Once I get there, go to take a look at the rear brakes. Notice a burning rubber type of smell. The right rear rotor appears to be glowing orange in the vent area. The rotor surface is looking a bit rough and unpolished. I guess it's seized up.
The parking brake cables are prone to getting water inside them just like on other vehicles and when it is cold enough will freeze. When you apply the park brake there is enough pull to slide the cable insert through the jacket put when you release the park brake the cable does not move with the force of the little springs, leaving the affected brake locked on.
The water sometimes gets in through a hole worn in the rubber jacket where the cable rubs on the upper A arm mounts and a wise one puts a section of rubber garden hose over this area with big nylon ties. This pretty much prevents it. Also fording deep water can allow water in the cable from the ends.
Anyway, if you run across this problem you can't drive another foot at any speed. You have to make other transportation arrangements :) unless you can get under the truck and flex and tap the cable, or put a strain on the linkage attached to the brake end of it. This will release the brake(s) affected. Until you get that cable well greased or oiled you can not use the park brake again during freezing weather unless you want to repeat the drill each time.
To drive with a dragging brake will probably mean big bucks unless you do all your own work, and even the parts will not be cheap. If you heated up the rotor red hot I would replace the differential seals on that side to be on the safe side also.
YMMV Glenn 93 M1043
Thanks Glenn, pretty much right on target.

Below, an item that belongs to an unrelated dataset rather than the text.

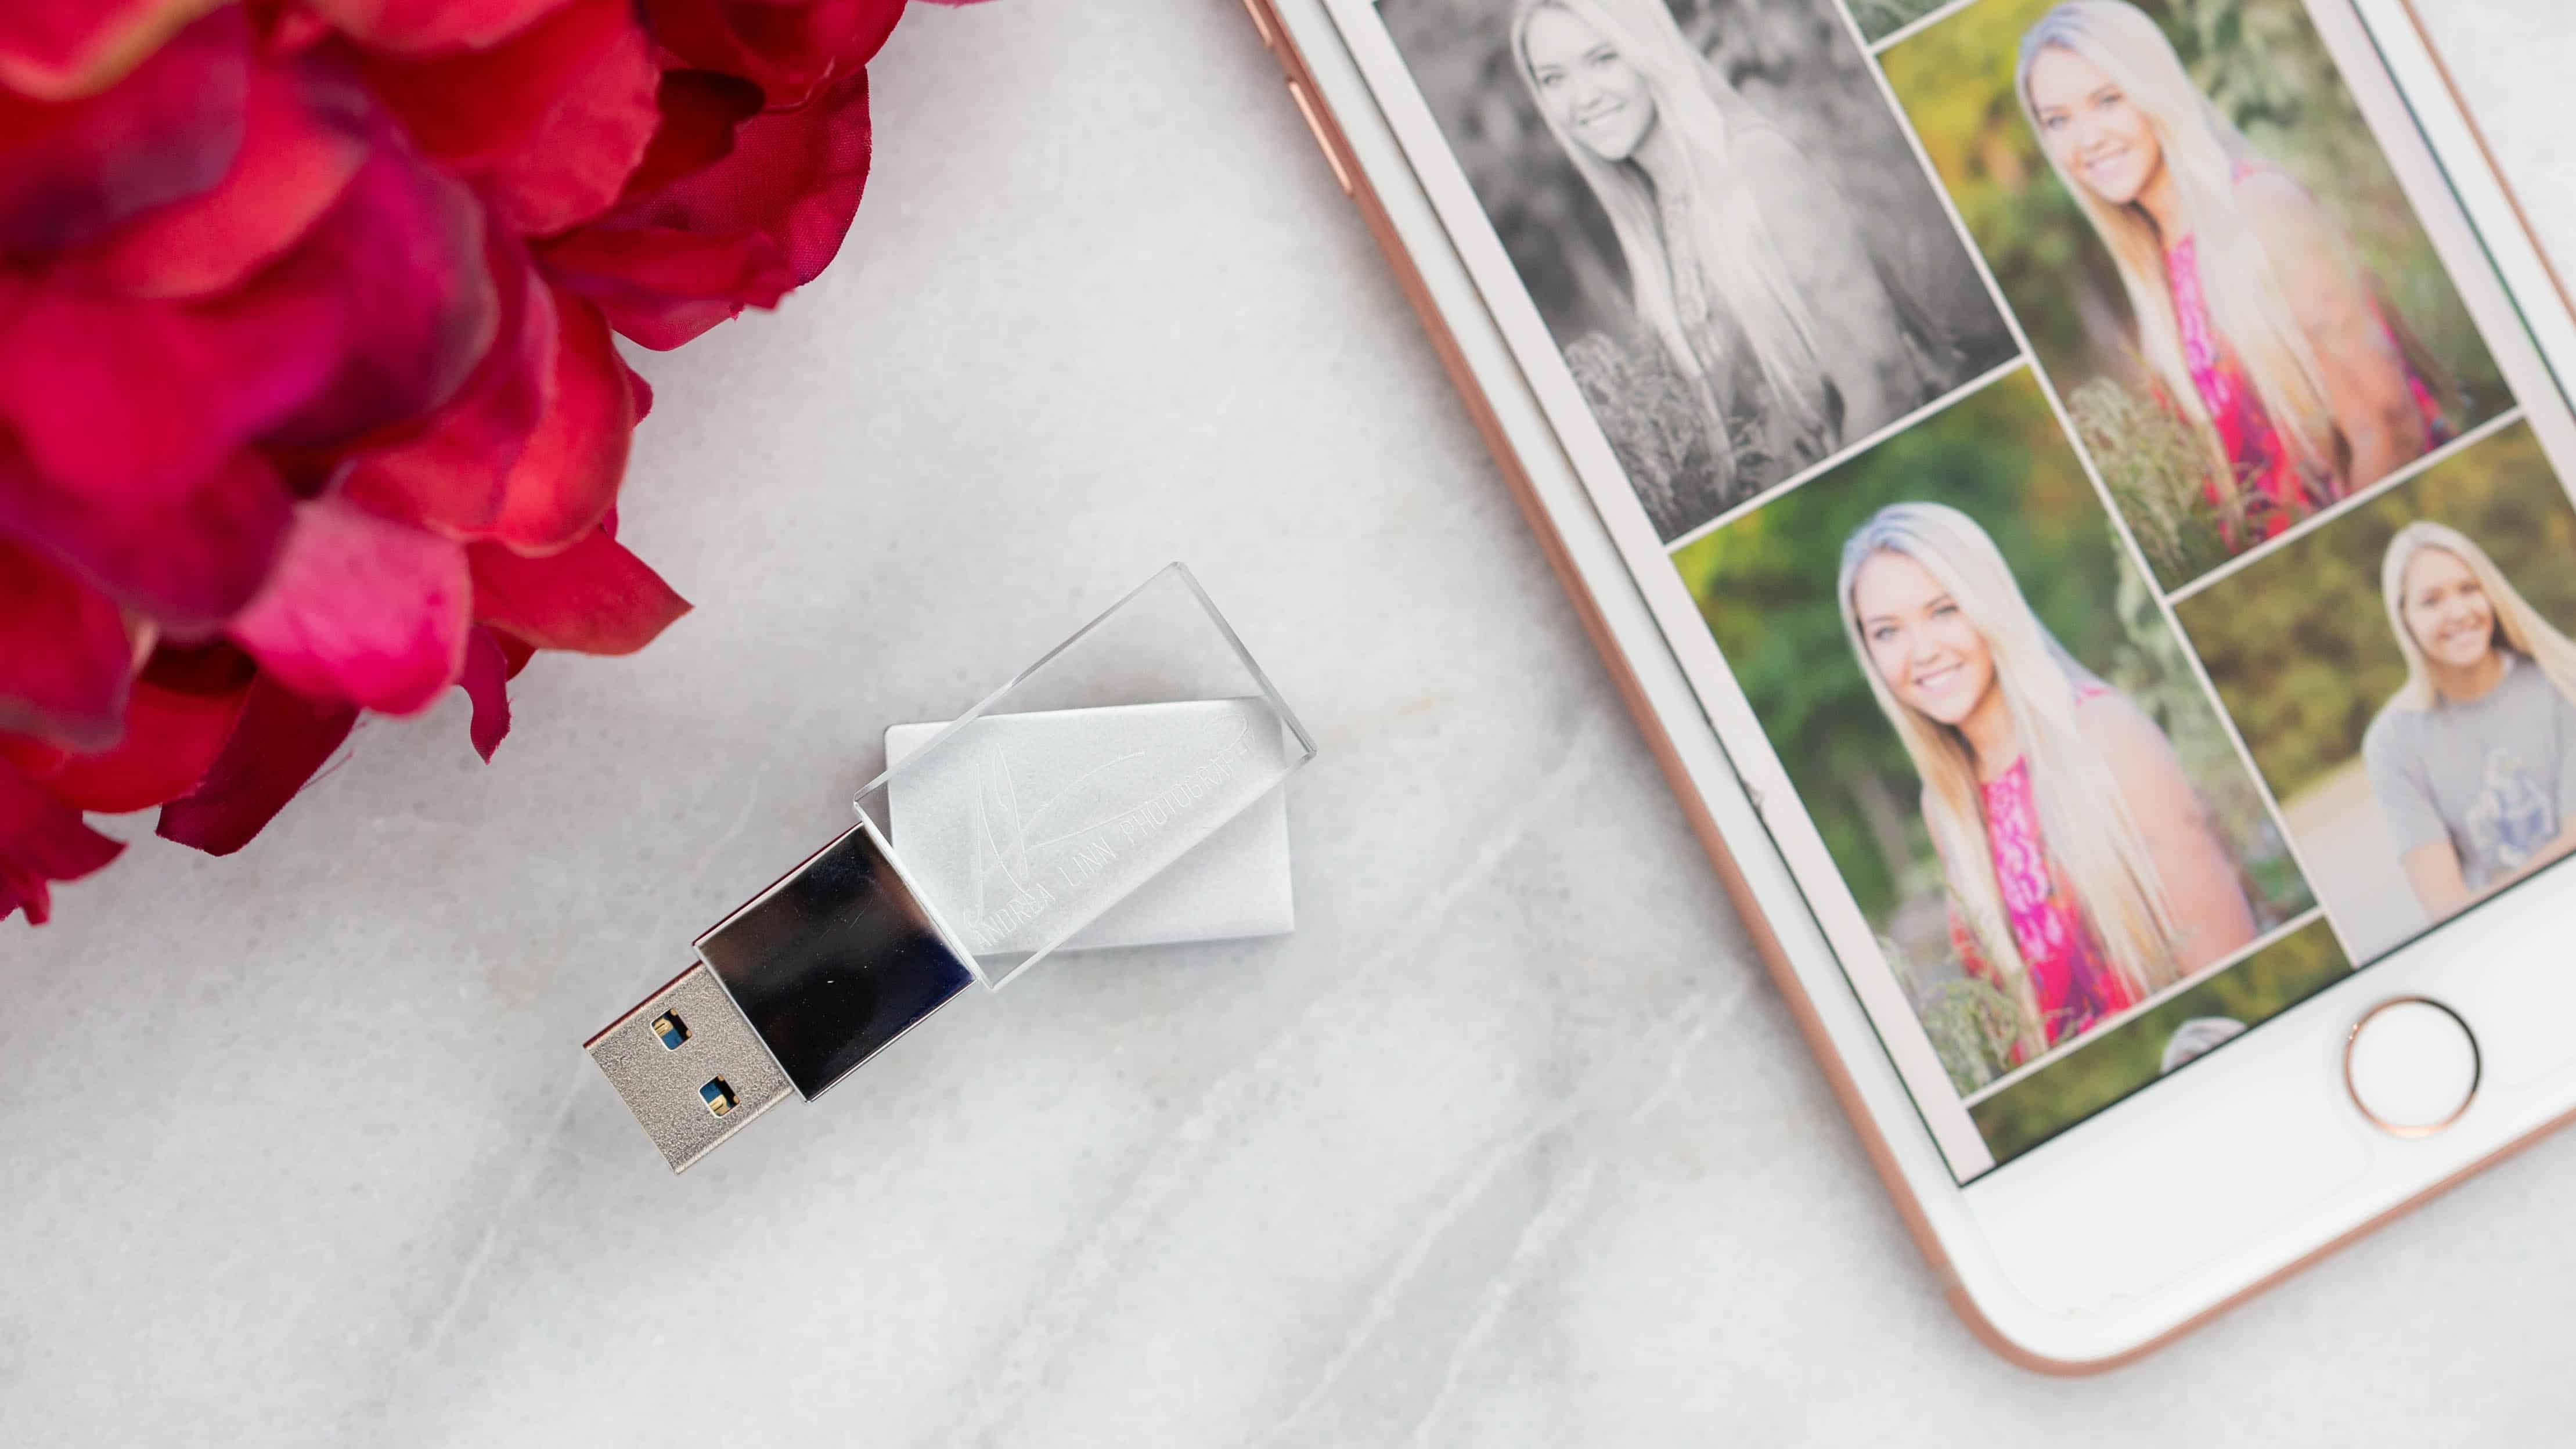 USB drive plus Online Gallery
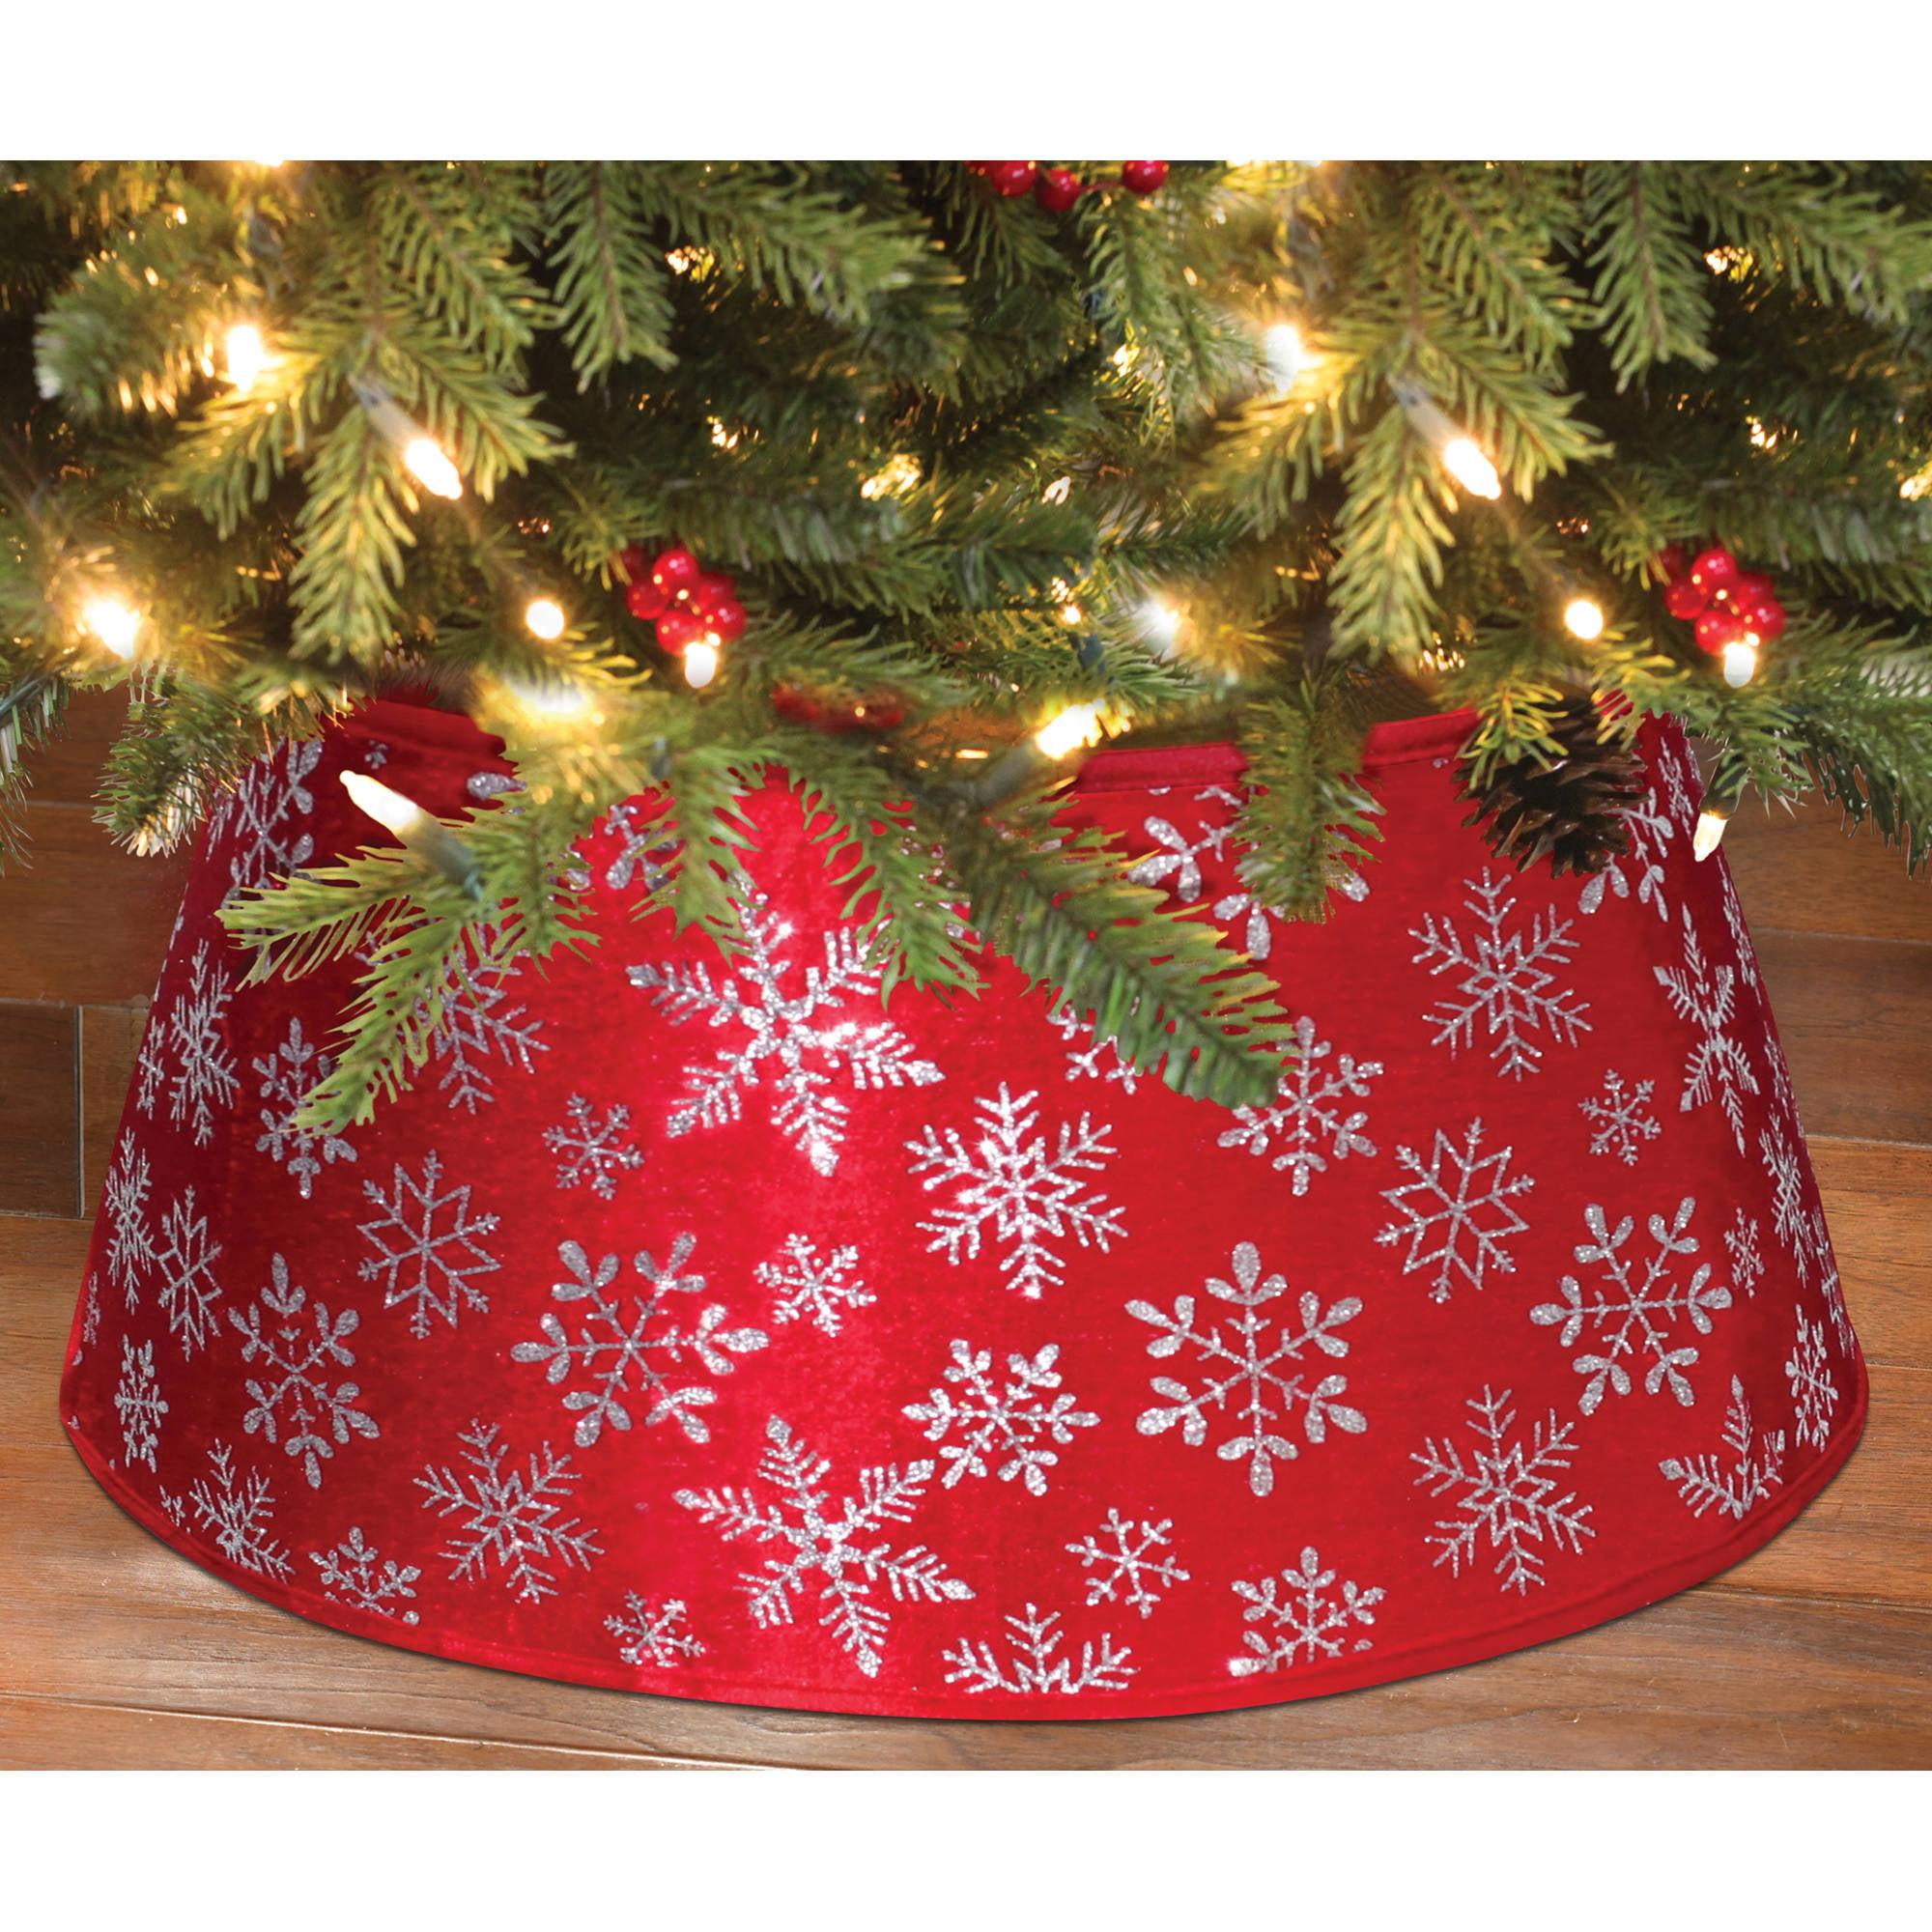 Holiday Time Christmas Decor 22 Red Snowflake Velvet Stand Band Tree Stand Cover Walmart Com Walmart Com

The right rear parking brake lever stays engaged after the p-brake is disengaged. But, the p-brake cable to that caliper seems to be moving freely enough - I was able to tap the lever back to it's resting position with a small mallet. It almost seems that the little spring doesn't have enough OOMPH to return the lever and spool the cable back up. Is it the spring that returns the lever, or something internal to the caliper, and the spring just helps? The spring's a lot cheaper to replace than the whole caliper! :)
There might also be some funkiness up at the tension equilizer bar, but it all seems OK.
The pads and rotor are shot, my fault. I've been studying the service manual, and think I'll have a go at replacing them tomorrow. Anyone have any tips for capping off the hydraulic line to keep this procedure as clean as possible?
Also, when the rotor heated up, it apparently shot off a hot spark that burned a hole in the rear main CTI tube, just before the T out to each rear tire. Is this hose anything special? Where might I find a good replacement, and what to ask for?